Las raíces grecolatinas se dejaban sentir en el barrio cuando, ante el fervor de la vecina mezzo emitiendo el ¡Kyrie Elleison!, el Coro de Niños del Norte de Chilangotitlán respondía en perfecto latín ¡Ora Pronobis! Una vez ante la casa indicada, los cantores hacían gala de extraordinaria coloratura vocal al ejecutar aquel verso de “¡Pues no puede andar, mi esposa ama-a-á-a-a-á-da!”
Al grito de ¡Entren santos peregrinos!, la muchedumbre irrumpía en la casa ya con las velitas apagadas. Todos se colocaban alrededor del nacimiento de barro colocado sobre musgo, con pastores descarapelados, pescaditos dorados y garzas de patas de alambre al lado de ríos de papel aluminio que desembocaban en lagos de espejo.

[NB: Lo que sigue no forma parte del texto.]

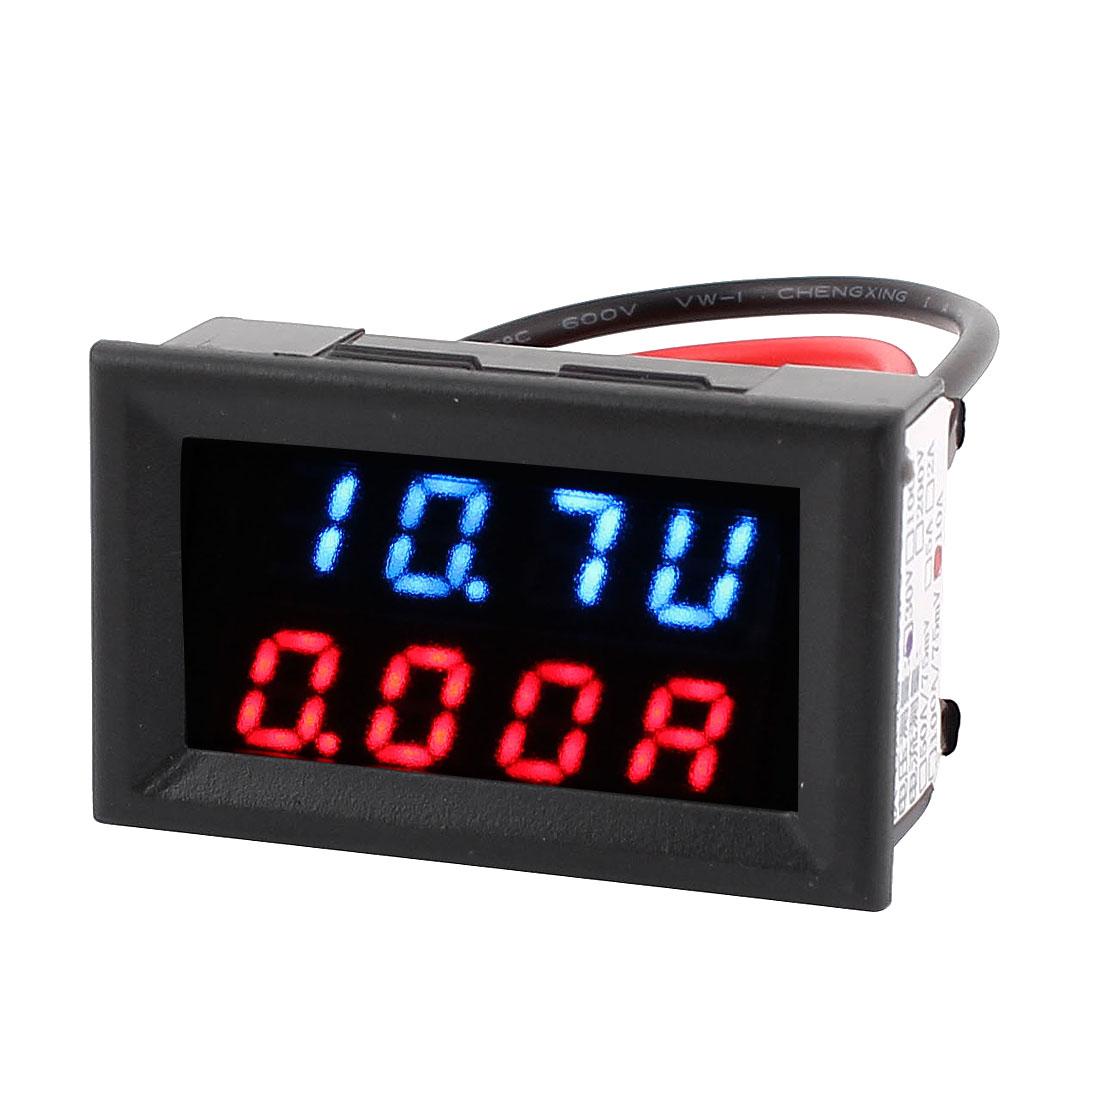 DC 4-30V 0-10A Dual LED Digital Battery Tester Monitor Voltage Current Meter

“¡Oh, Peregrina agraciada!/ ¡Oh bellísima María! /Yo te ofrezco el alma mía/ Para que tengáis posada.” Y luego “Humildes peregrinos/ Jesús, María y José/ mi alma doy por ellos/ mi corazón también.” El padrenuestro, el Ave María y el Gloria sintetizaban los alcances religiosos de los pecadores reunidos. Los mismos que mientras se persignaban ya iban formándose para recibir una bolsa de papel con cañas, naranjas y tejocotes en calidad de aguinaldo.
Las piñatas esperaban en fila su cruel destino, ostentando sus picos de cartón rematados por tiras de papel de China y su piel de barro cubierta por periódico y engrudo. Era una sensación especial tener los ojos vendados y dar un golpe seco al barro, un triunfo de sonoridad hueca que no se parece en nada al eterno y aburrido cartón. Un grito colectivo presagiaba los aterrizajes de panza sobre frutas y tepalcates. Yo me gané tres cañas. Yo sólo dos tejocotes.
Los adultos observaban mientras comían colaciones y chocolates redondos con chochitos de colores, servidos en canastas de palma. Sin olvidar el ponche, con un chorrito de ron o tequila pal frío.
Al final, había que recoger el lazo y cooperar con la barrida. La calle debía quedar limpia pues aún quedaban varias jornadas antes de la Nochebuena. Ignoro si esa época fue mejor o peor, pero fue la que me tocó vivir en mi barrio, al norte de la Ciudad de México. La memoria es refugio y, cuando se comparte, se vuelve un espacio de complicidad. Aquí se las dejo. Quizá en el recuerdo compartido nos encontremos sentados en la banqueta pelando una caña con los dientes.
Feliz Navidad a los lectores de ExploraCDMX y que el 2025 les depare prodigios.